I thought I was quite familiar with redis command, all kinds of data models based on Redis SAO operation. However, recently I stepped on a pit in the command of Redis scan, and suddenly found that I had a very limited understanding of redis cursors.

So record the process of stomping the hole, in the background:

The company needs to delete some useless keys that have no expiration date because the Redis server is running out of memory. There’s about 500 million keys. Although the number of keys sounds scary. But I’ve been playing Redis for years, so it’s easy.

At that time, I thought about the specific scheme is to filter out 500W keys through Lua scripts. Then delete it. Lua scripts are executed on Redis Server with high execution speed and only need to establish a connection with Redis Server to execute a batch of luA scripts. Filter out the keys and delete 1W at a time. Then loop through the shell script 500 times to delete all of them. Lua script used to do similar batch update operations, 3W a second. Almost no redis blocking. That works out to a 500W key in 10 minutes.

Then I started writing lua scripts directly. The first is screening.

If you have used Redis, you must know that Redis is a single-threaded operation, and you cannot use keys command to filter, because keys command will search the whole thing at one time, which will cause redis to block, thus affecting the execution of normal business commands.

For keys with 500W data, only incremental iterations can be performed. Redis provides the scan command for incremental iteration. This command can return a small number of elements at a time, so it is ideal for iterating large data sets and can be used in production environments.

The scan command returns an array with the cursor position as the first item and the list of keys as the second item. If the cursor reaches the end, the first term returns 0.

So I wrote the first version of lua as follows:

local c = 0 local resp = redis.call('SCAN',c,'MATCH','authToken*','COUNT',10000) c = tonumber(resp[1]) local dataList = resp[2] for i=1,#dataList do local d = dataList[i] local ttl = redis.call('TTL',d) if ttl == -1 then redis.call('DEL',d)  end end if c==0 then return 'all finished' else return 'end' endCopy the code

In the local test Redis environment, mock 20W of test data by executing the following command:

eval "for i = 1, 200000 do redis.call('SET','authToken_' .. i,i) end" 0
Copy the code

Then execute script load command to upload lua script to get SHA value, then execute evalsha to execute SHA value to run. The specific process is as follows:

Every time I delete 1W of data, I perform dbsize (since this is my local Redis, which only contains mock data, dbsize is the same as the number of prefix keys).

Oddly enough, the first few lines are normal. However, when it came to the third time, the DBsize became 16999, and I deleted one more dbsize. I didn’t care too much about it, but at last, when there were 124204 DBsize remaining, the number did not change. No matter how many times it is executed, the number is still 124,204.

Then I run the scan command directly:

Find that the cursor has not reached the end, but the list of keys is empty.

I was stunned by the result for a while. I checked the Lua script carefully and there is no problem. Redis scan command has a bug? Is there something wrong with my understanding?

I’ll go back to the redis command documentation for an explanation of the count option:

After a detailed study, I found that the number of returns specified by the count option is not certain. Although I know that the problem may be count, but the explanation of the document is really difficult to understand very popularly, I still don’t know where the specific problem is.

Later, after a hint from a friend, I saw another popular explanation of the scan command count option:

After reading it, I suddenly realized. The number followed by the count option does not mean the number of elements returned each time, but the number of dictionary slots traversed by the scan command each time

When I perform scan, I traverse from the position of cursor 0 every time, but not every dictionary slot stores the data I need to filter, which leads to my last phenomenon: Although I counted 10000, redis actually ran through 10000 dictionary slots from the beginning and found no data slots to hold the data I needed. So my final number of DBsizes was stuck at 124,204 forever.

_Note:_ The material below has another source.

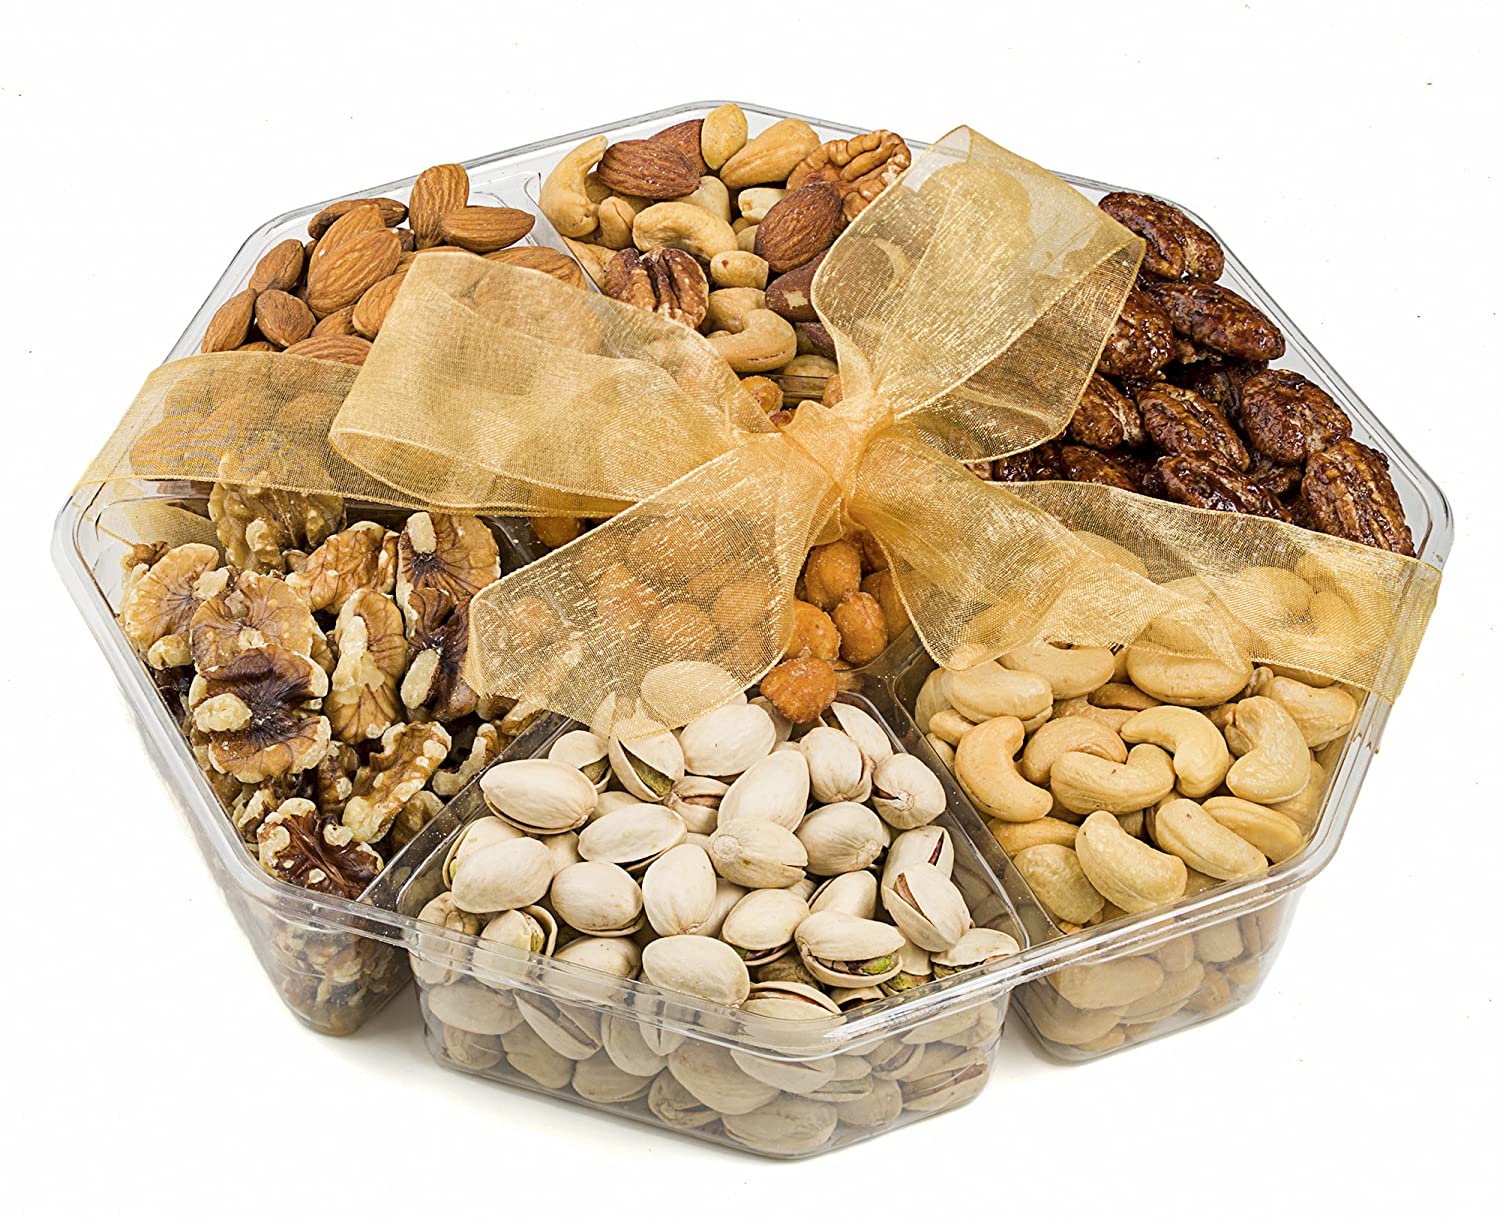  Honey Roasted Peanuts, Cashews, & Almond Mix - 1 LB Container  : Grocery & Gourmet Food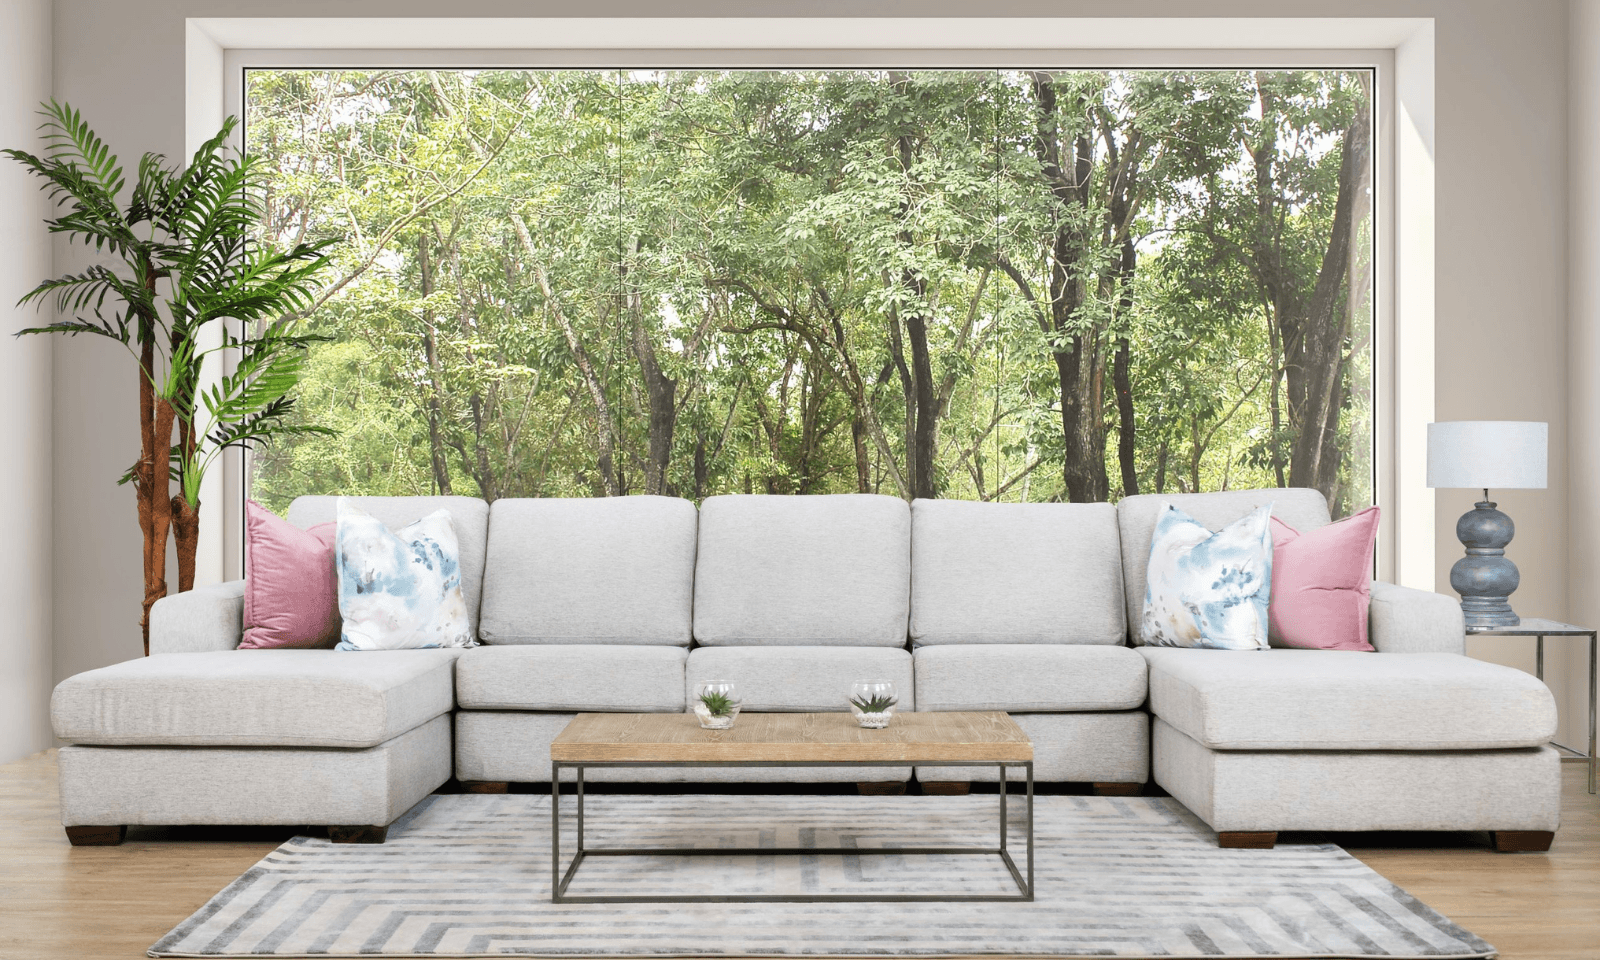 HOW TO STYLE A SECTIONAL IN A BIG LIVING ROOM

Therefore, when using the scan command, if iterative traversal is required, the cursor returned by the previous call should be used as the cursor parameter of each call to continue the previous iteration process.

At this point, the heart of the doubts solved, changed a version of Lua:

local c = tonumber(ARGV[1])
local resp = redis.call('SCAN',c,'MATCH','authToken*','COUNT',10000)
c = tonumber(resp[1])
local dataList = resp[2]

for i=1,#dataList do
    local d = dataList[i]
    local ttl = redis.call('TTL',d)
    if ttl == -1 then
        redis.call('DEL',d)
    end
end

return c
Copy the code

Execute after uploading locally:

As you can see, the scan command does not guarantee that the number of filters is exactly the same as the given count, but the entire iteration continues nicely. And then we get a cursor that returns 0, which is the end. So far, the 20W test data has been completely deleted.

This section of Lua can be run directly on production by looping through the shell. It is estimated that 500W data can be deleted in about 12 minutes.

Know what it is and why. Although the scan command has been played before. But I really don’t know the details. Besides, the translation of the document was not so accurate, so that I wasted nearly an hour in the face of the wrong result. Write it down and understand it better.